The 30/30 you're going to find almost anywhere you find ammunition. Same can't be said for the 35 Rem.

I currently hunt with a 1907 vintage Marlin in 32/40. Make my own ammo using common once fired 30/30 cases. I save about $45.00 a box that way over factory ammo, when it can be found.

My personal fav isn't on the list. That would be .375 Winchester.


----------



## MELOC (Sep 26, 2005)

a buddy has one of those land cannons that i kinda like...you know, the 35 whelan.


----------



## MELOC (Sep 26, 2005)

i bought the dies for my 35 rem and i have been saving casings for a few years. when the budget permits, i intend to learn to reload. ammo, especially anything other than 30-30 seems to have gone way out of sight. thank goodness gander mountain usually runs a loss leader special each year on 30-30 ammo.


----------



## Ugly Cowboy (Aug 14, 2008)

MELOC said:


> i bought the dies for my 35 rem and i have been saving casings for a few years. when the budget permits, i intend to learn to reload. ammo, especially anything other than 30-30 seems to have gone way out of sight. thank goodness gander mountain usually runs a loss leader special each year on 30-30 ammo.

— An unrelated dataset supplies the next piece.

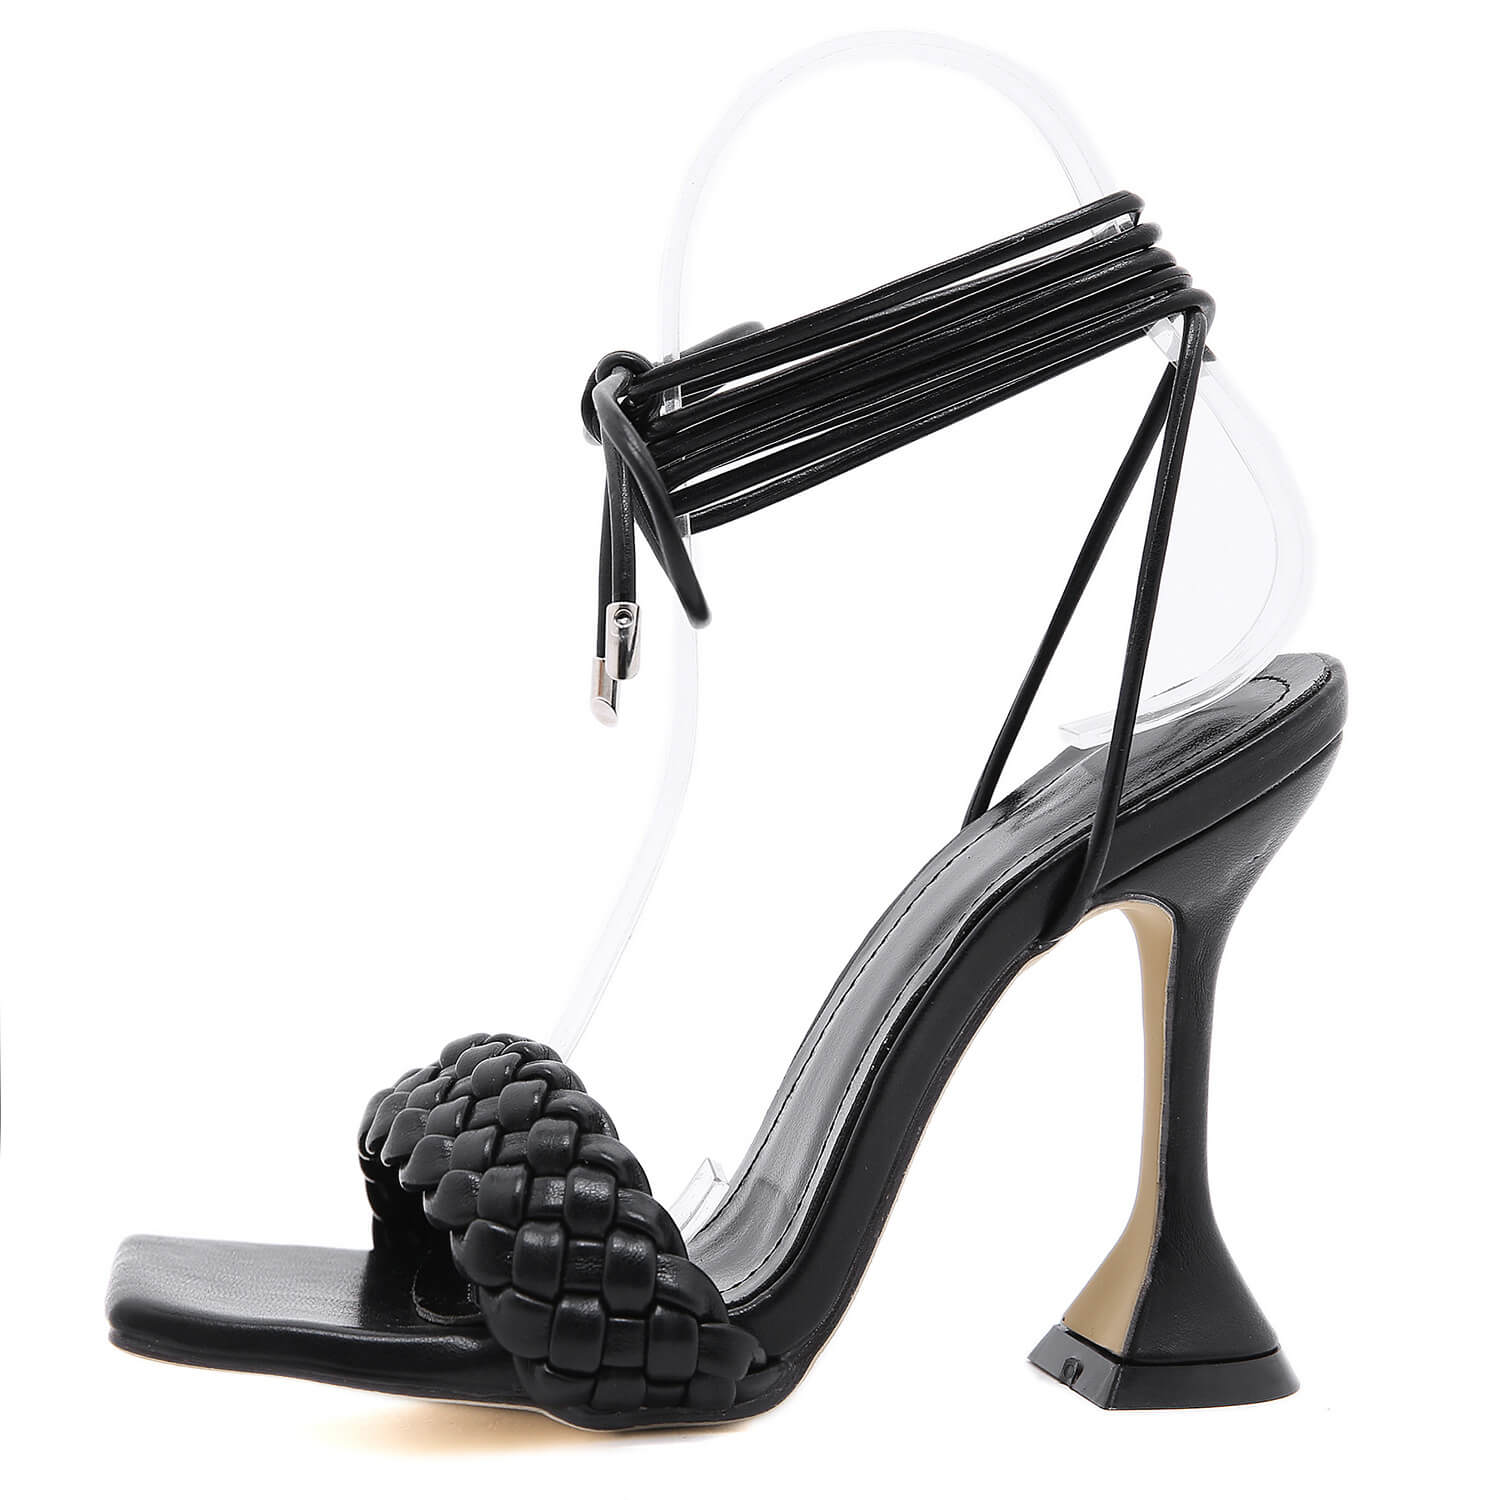 PU Square Toe Ankle Strap High Heel Sandals

Gander Mountain, huh? I aint never herd of 'em... They kinda like Cabela's?


----------



## BRYAN (Jul 5, 2008)

I have had some experience with both. My Dad hunted for years with a Remington pump 35 Rem. and it's knockdown on deer would surprise a lot of hunters who think the magnums are where its at. Personaly I would not hesitate to hunt with either, but I would have to give the 35 Rem the nod on effectiveness.


----------



## Chuck R. (Apr 24, 2008)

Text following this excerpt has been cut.